A 13 años de la elección del Papa Francisco

Aquel 13 de marzo de 2013, una lluvia persistente caía sobre la Plaza de San Pedro. El mundo entero miraba hacia una chimenea que, tras varias fumatas negras, finalmente expulsó un humo blanco denso y triunfal.

Eran las 19:06 hora de Roma cuando el anuncio del Habemus Papam sacudió los cimientos de la Iglesia Católica: el cardenal argentino Jorge Mario Bergoglio era el nuevo Sumo Pontífice.

Hoy, al cumplirse 13 años de aquel hito, la figura de Francisco sigue siendo un motor de cambio, controversia y esperanza en un tablero global cada vez más complejo.

El impacto de lo inesperado
La elección de Bergoglio no fue solo un cambio de nombre, fue un cambio de paradigma geográfico y cultural. Por primera vez en la historia, un latinoamericano —y un jesuita— se sentaba en la silla de Pedro. Sus primeras palabras desde el balcón, aquel sencillo «Hermanos y hermanas, buenas noches», marcaron el tono de lo que sería su papado: una Iglesia que buscaba despojarse de la pompa monárquica para acercarse a la «periferia».

El nombre elegido, Francisco, en honor al «pobrecillo de Asís», fue su primera encíclica gestual. Significaba una opción preferencial por los pobres, por la paz y por el cuidado de la naturaleza, pilares que luego desarrollaría con profundidad académica en documentos como Laudato si’ y Fratelli tutti.

Una Iglesia «en salida»
A lo largo de estos 13 años, el Papa Francisco ha impulsado lo que él llama una «Iglesia en salida». Esto ha implicado una reforma administrativa de la Curia Romana —un nido de intrigas que históricamente desgastó a sus antecesores— y una apertura hacia temas que antes eran tabú en el Vaticano: el cambio climático, la crítica feroz al «capitalismo salvaje», el rol de la mujer en la institución y el acompañamiento a las nuevas realidades familiares.

Su liderazgo ha sido eminentemente político, pero en un sentido diplomático y humanitario. Francisco se convirtió en una voz solitaria que clamó contra la «globalización de la indiferencia» frente a las crisis migratorias en el Mediterráneo y ha sido un mediador incansable en conflictos internacionales, desde el histórico deshielo entre Estados Unidos y Cuba hasta sus constantes (y a veces incomprendidos) esfuerzos por la paz en Ucrania y Gaza.

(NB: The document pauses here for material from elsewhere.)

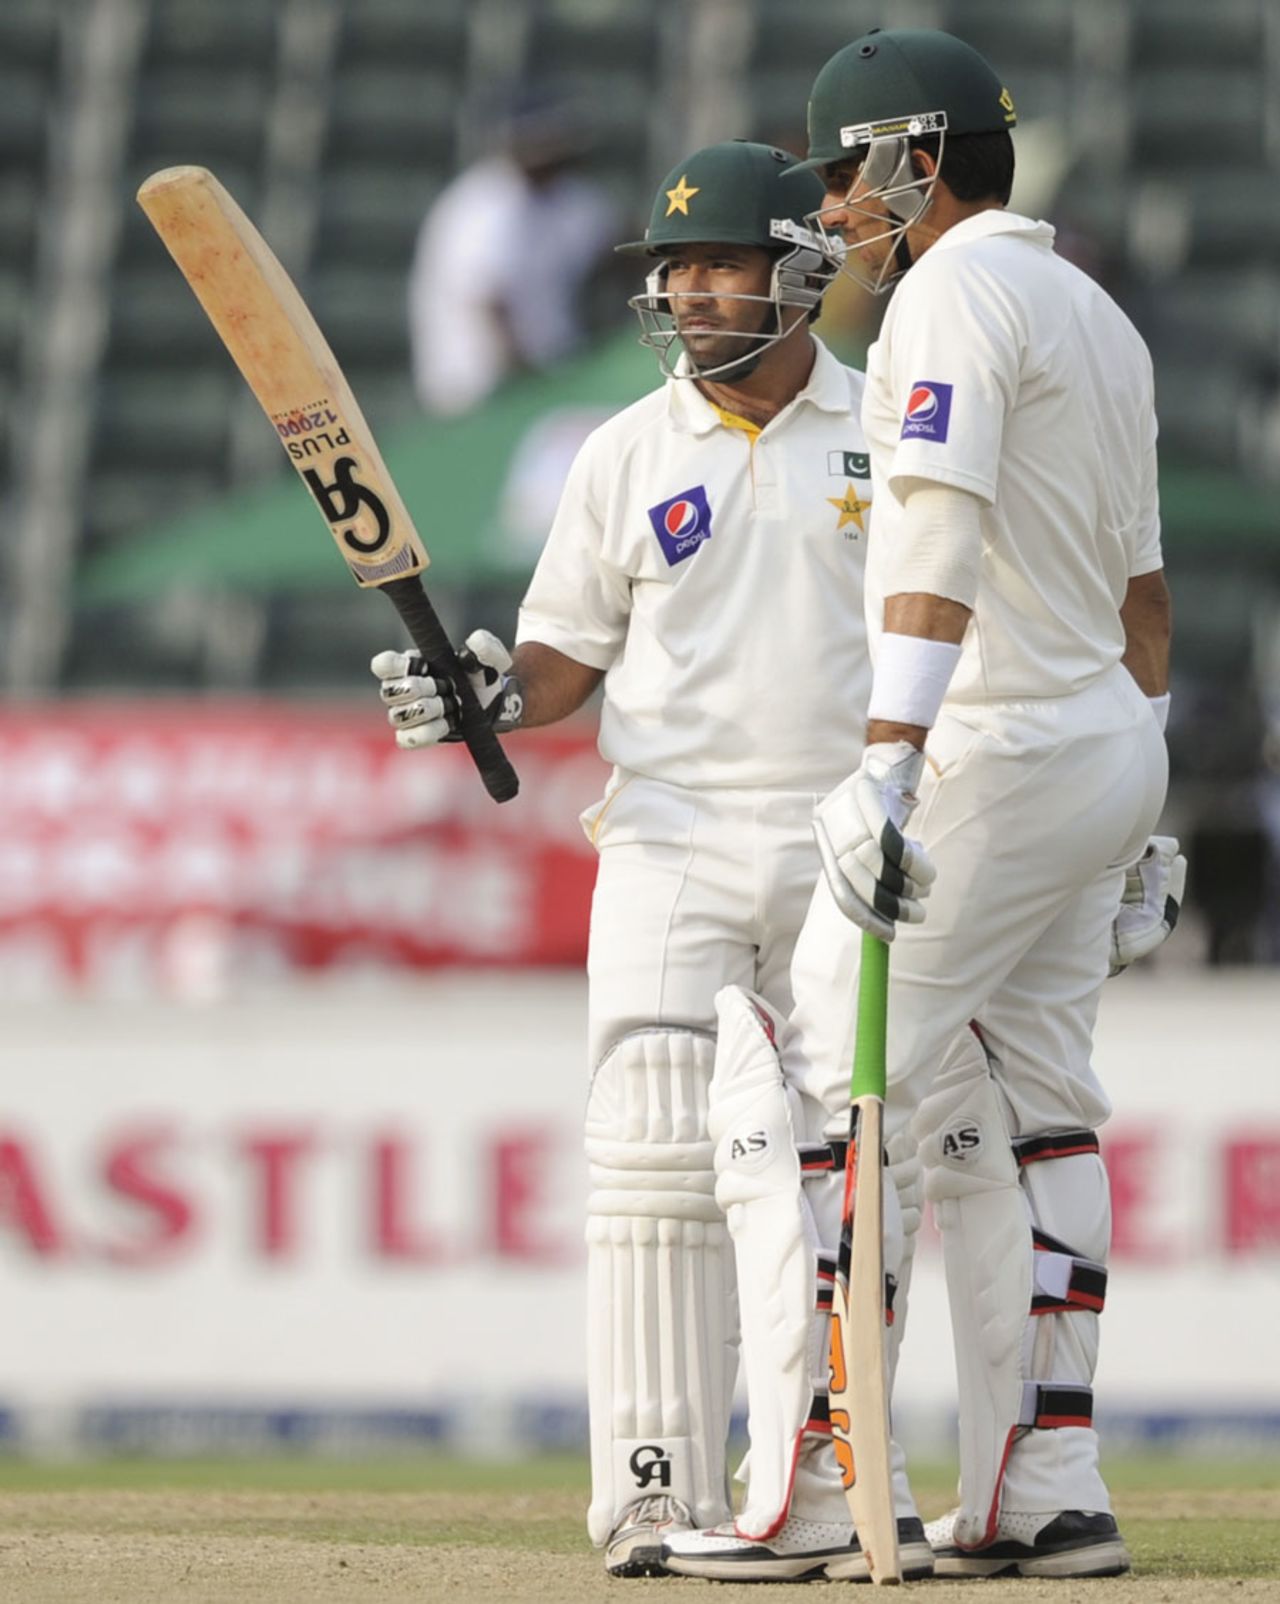 Asad Shafiq and Misbah-ul-Haq put on an unbroken century stand, South Africa v Pakistan, 1st Test, Johannesburg, 3rd day, February 3, 2013

La relación con Argentina: Un vínculo complejo
Para nosotros, en Argentina, la figura de Francisco siempre ha tenido un peso específico. Su decisión de no visitar el país en estos 13 años ha sido objeto de infinitos análisis políticos y especulaciones mediáticas. Sin embargo, su influencia en la realidad social argentina es innegable. A través de las organizaciones sociales, sus cartas y sus mensajes, ha mantenido una presencia constante, instando siempre a la unidad y al diálogo en un país marcado por la polarización.

Muchos analistas coinciden en que Bergoglio nunca dejó de ser un peronista de la vieja guardia en su visión social, centrada en el trabajo y la dignidad del pueblo, lo que le ha valido tanto amores incondicionales como críticas feroces desde sectores más conservadores o liberales.

A trece años de aquel humo blanco, el mundo sigue debatiendo sus gestos y sus palabras. Lo que nadie puede negar es que aquel hombre que llegó «del fin del mundo» logró que el Vaticano dejara de mirarse el ombligo para empezar a mirar hacia las fronteras más olvidadas del planeta.